OK, so your proposed alternative is to give a key to a trusted third party (TTP). But how do you authenticate to that TTP?

> Private key is not transmitted off of your device when authenticating.

Thank you. I should have been more specific. Non-transerral during auth is important because it virtually eliminates fishing, and that also explains why the Powers That Be are touchy about exporting. Exfiltration enables scenarios where a nefarious party tricks a user into transferring their cryptographic keys.

Strictly speaking, passwords do not have to be shared during auth, either. There are password-agreement schemes (e.g. SRP [1] as used in TLS-SRP) which allow one or both parties to prove they know the password without sharing it. However, these schemes never gained broad adoption.

[1]: https://en.wikipedia.org/wiki/Secure_Remote_Password_protoco...

This exactly where my distinction about "what the passkey actually is" is important: if it's only a password, then I assume I can do the recovery. Whereas if it's 2FA, I assume I can't.

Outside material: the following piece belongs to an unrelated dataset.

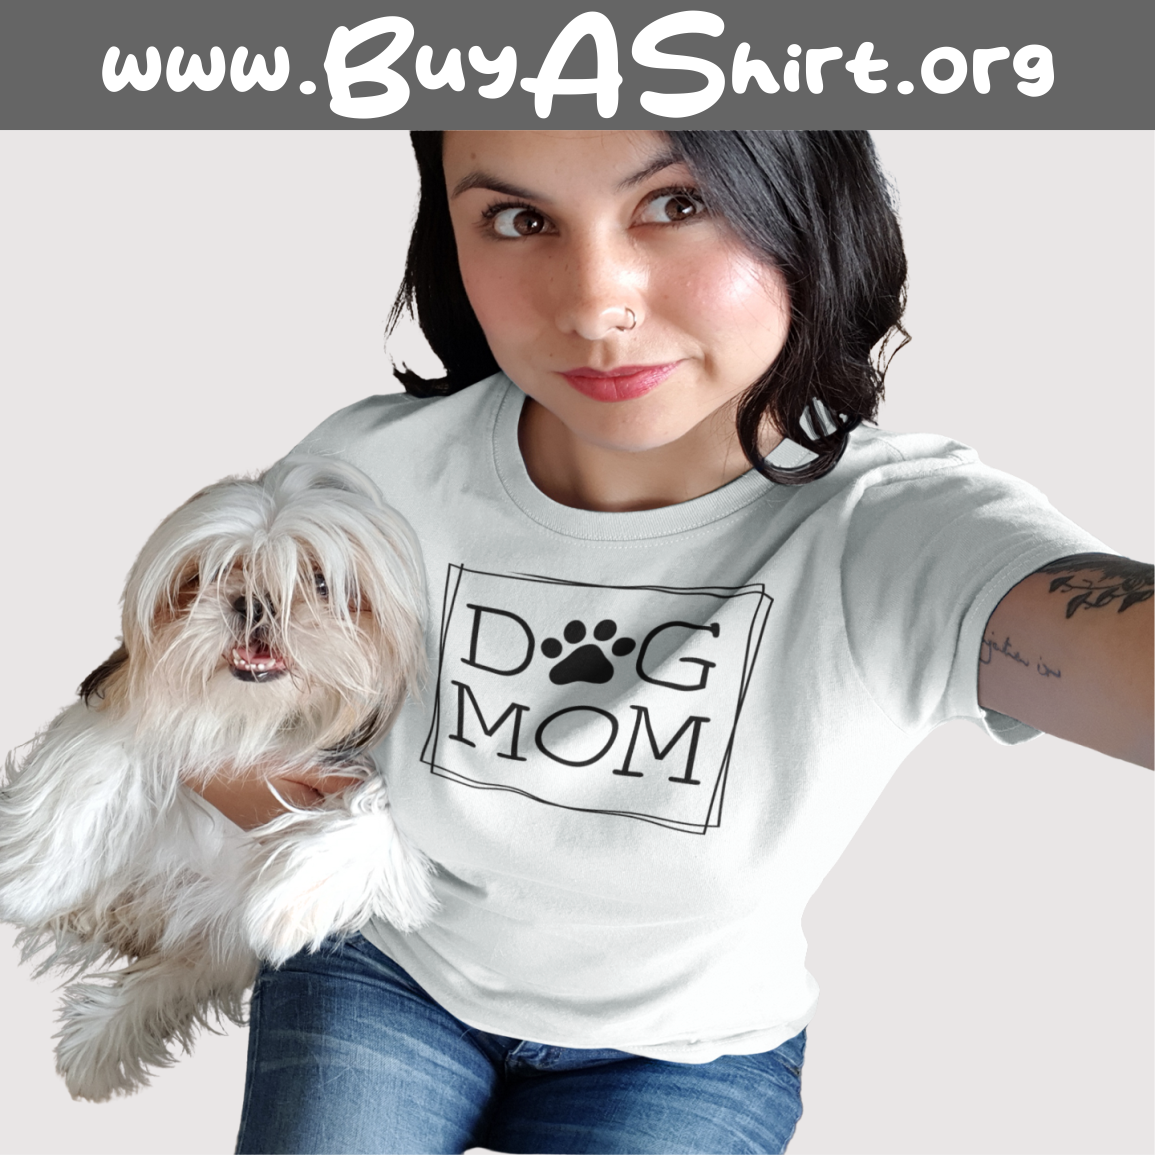 Dog Mom Black Print T-Shirt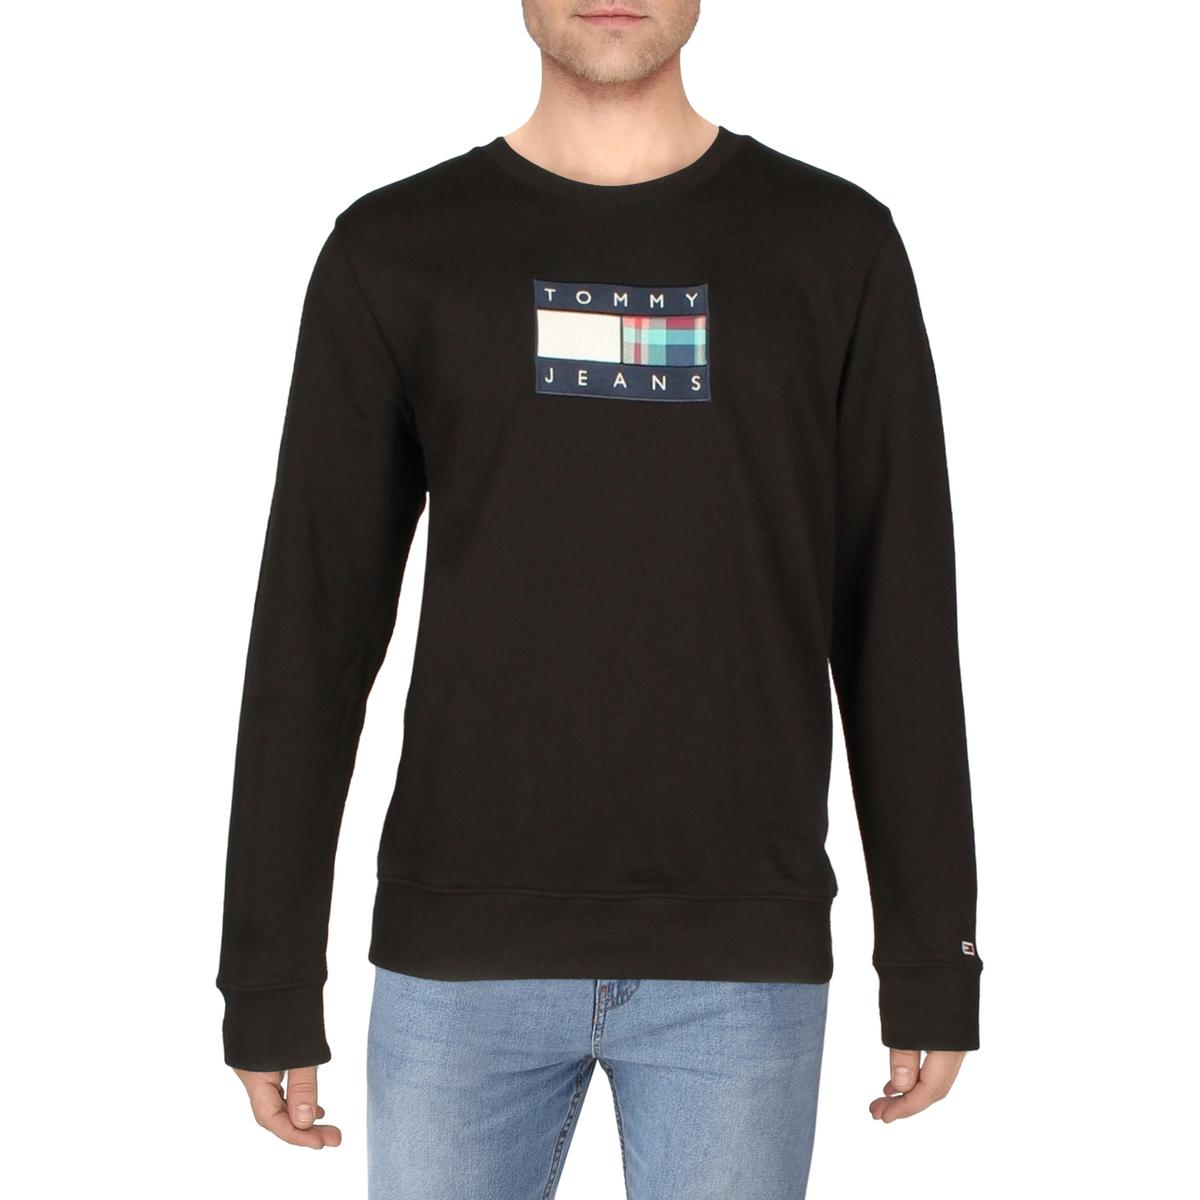 Tommy Hilfiger Mens Cotton Crewneck Sweatshirt

It's easy to have your keys backed up to a device, but then the question becomes losing the device and being able to get back into a new one. I know that Google really, really likes to make sure it's you when you log in from an unexpected device, location, IP, etc, and it might be hard to prove that it's you without that one device.

I sync them manually, like a medieval peasant

I see that makes more sense. It is an upgrade to passwords, but in an ideal world we solve the other half (two factor) too.

A backup code is a password made of numbers.